- **About this exercise**
The pictures are to be left out when the listing below is reproduced word for word.
*** Collected material Section Begins ***
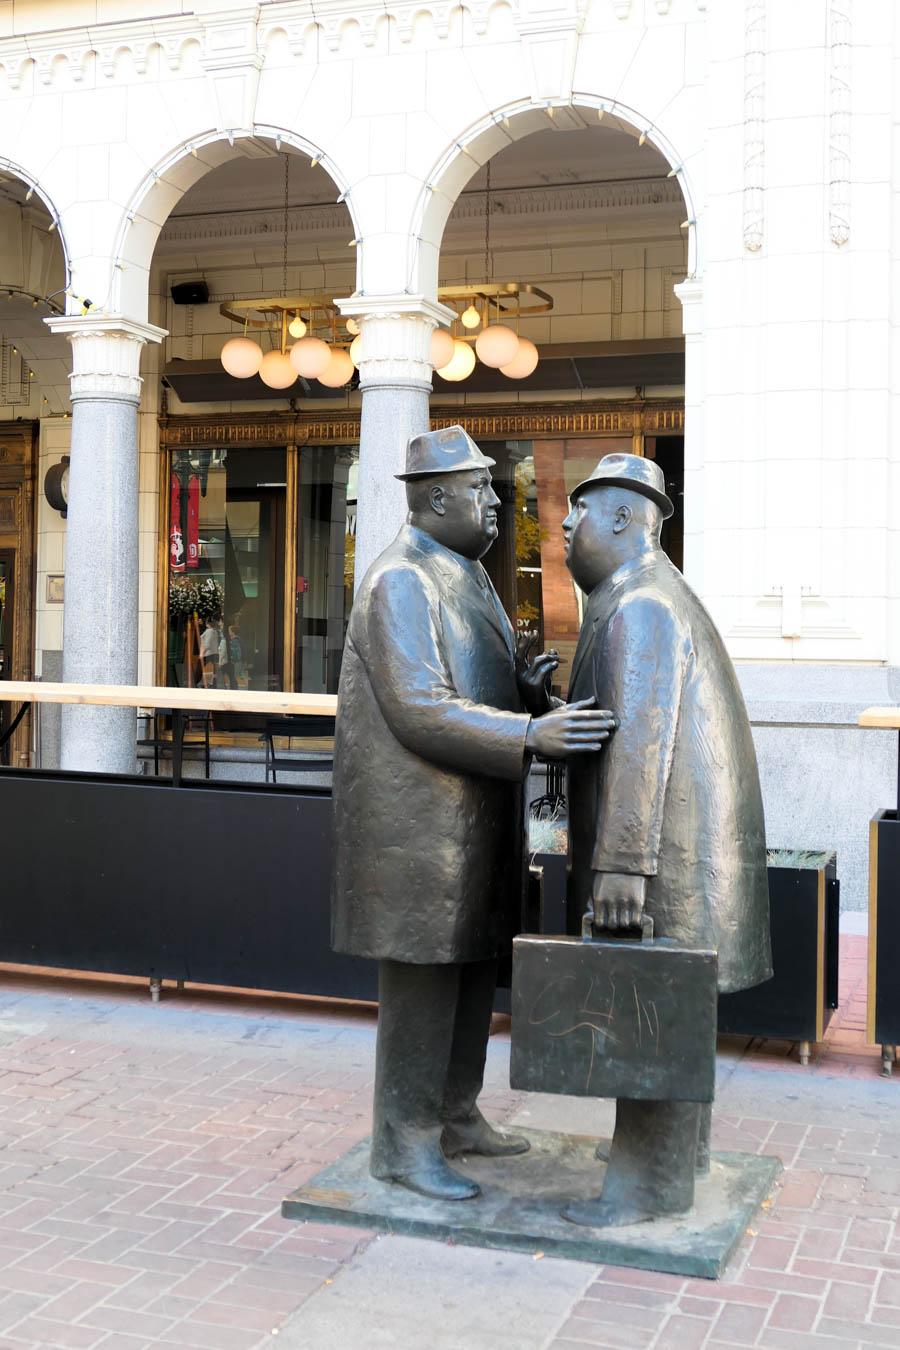 Men Meeting in the Street Statue in Calgary
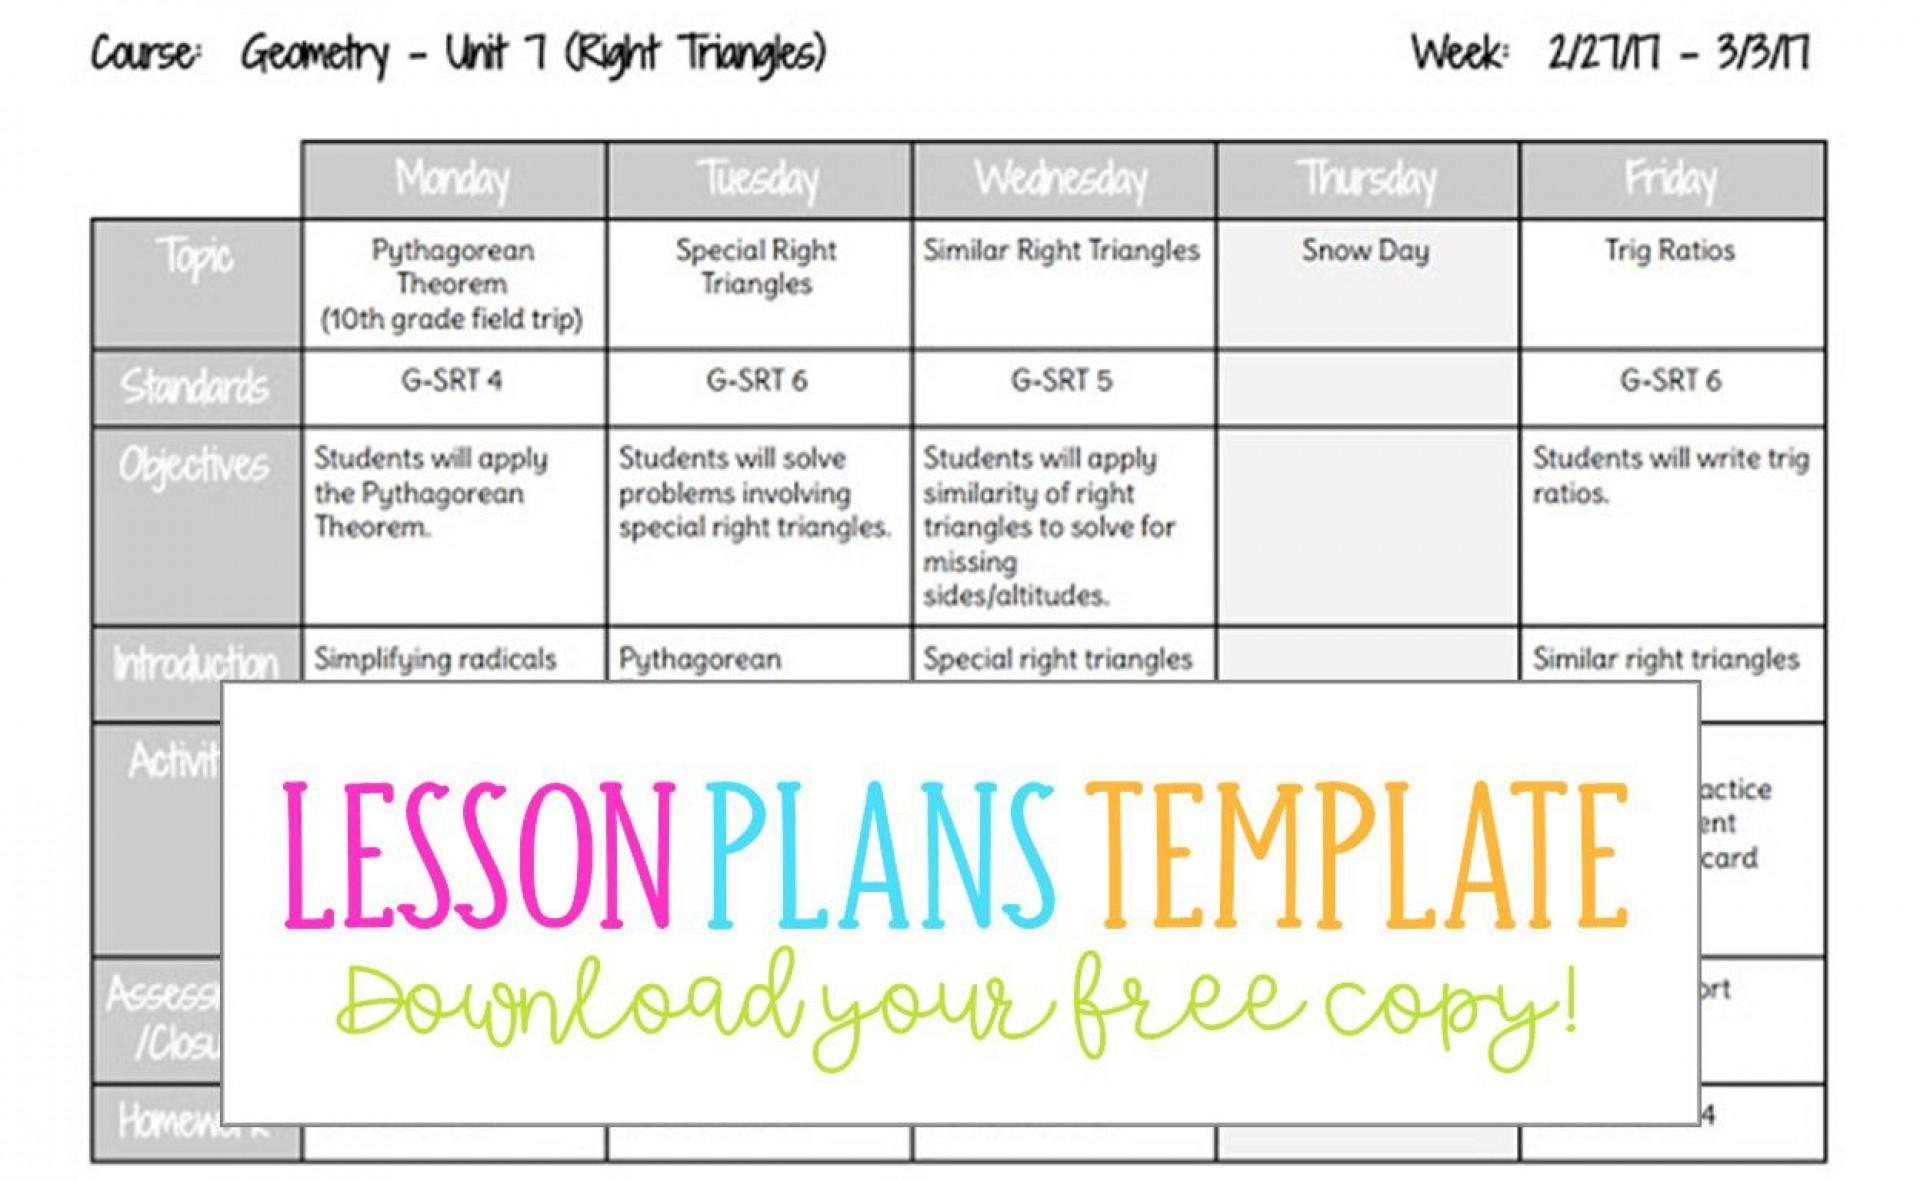 006 Singular Free Weekly Lesson Plan Template Google Doc Highest Clarity 1920
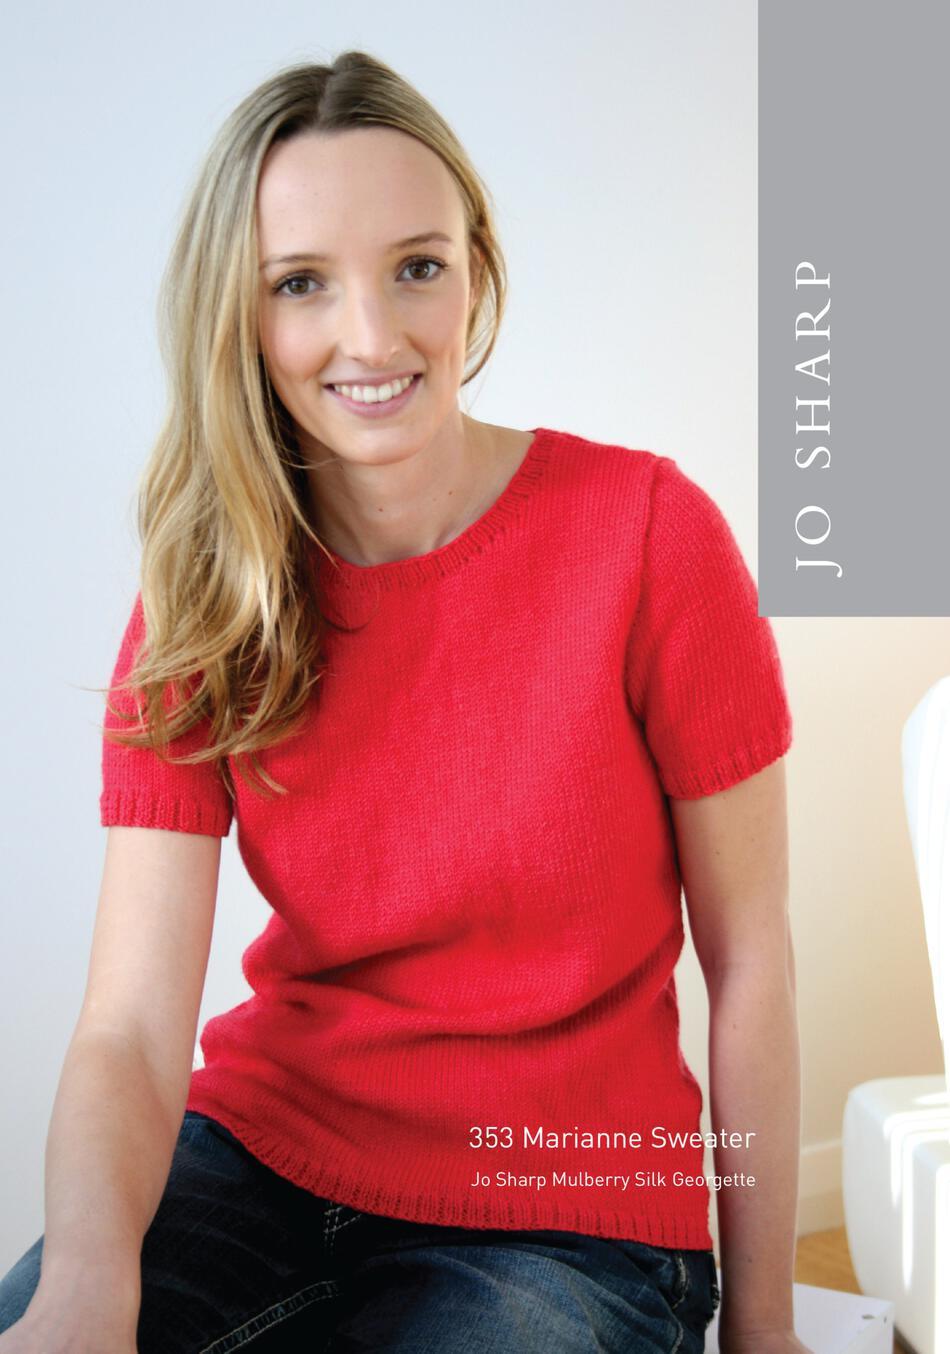 be585376f Jo Sharp Marianne Sweater - Pattern Download Knitting Pattern
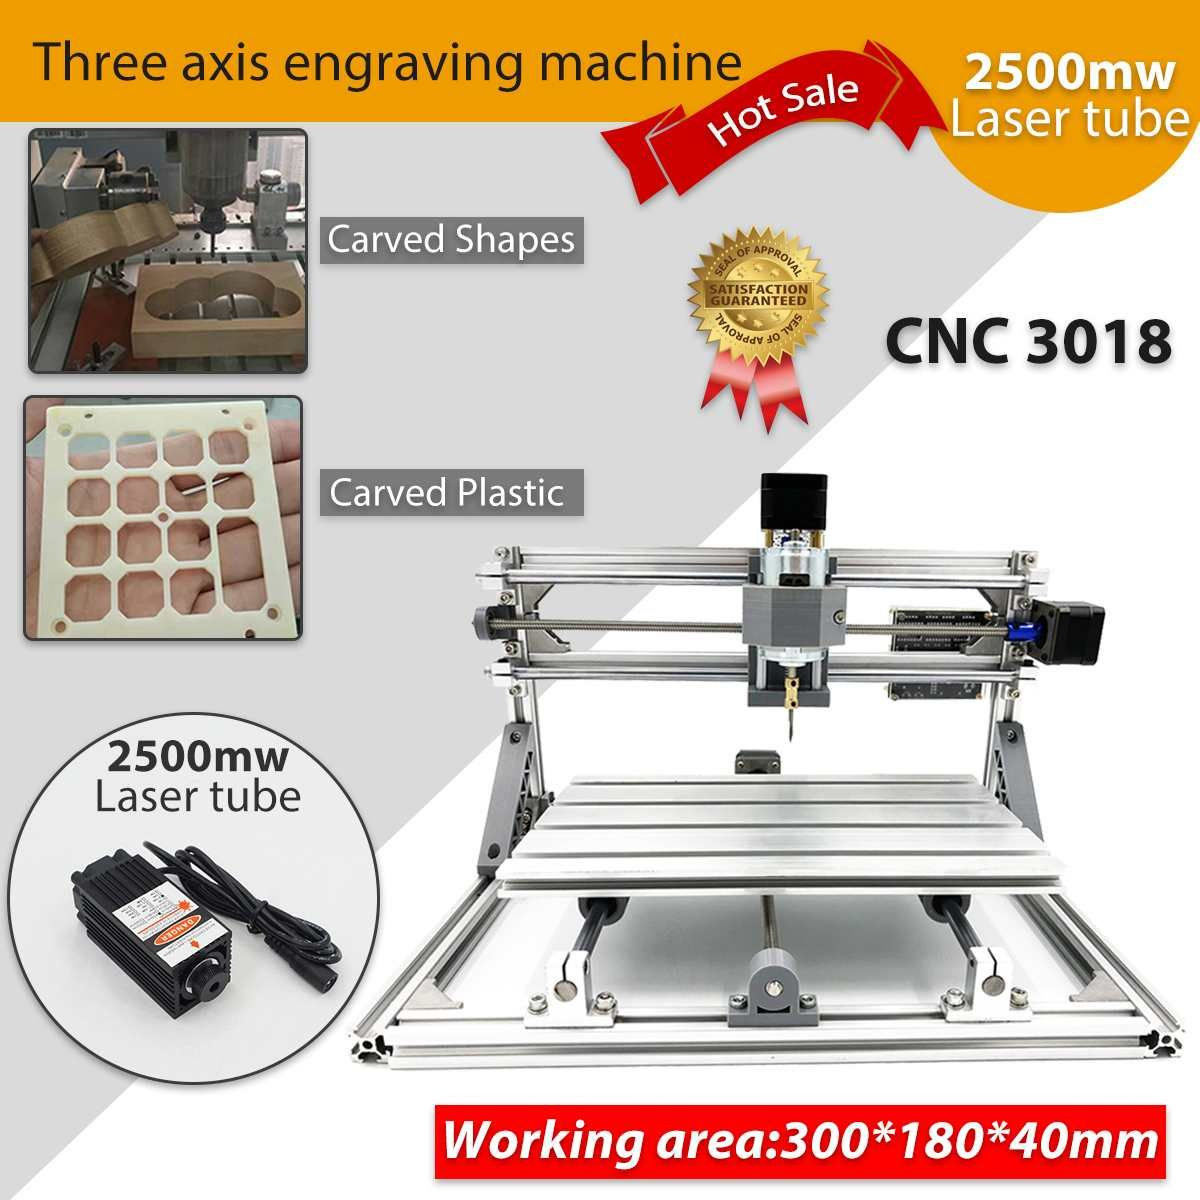 CNC DIY 3018 Holz Router KIt 3 Achse pcb Fräsmaschine Gravur Maschine 2500 mw
*** Collected material Section Ends ***
- **Output of the task**
 Men Meeting in the Street Statue in Calgary
 006 Singular Free Weekly Lesson Plan Template Google Doc Highest Clarity 1920
 be585376f Jo Sharp Marianne Sweater - Pattern Download Knitting Pattern
 CNC DIY 3018 Holz Router KIt 3 Achse pcb Fräsmaschine Gravur Maschine 2500 mw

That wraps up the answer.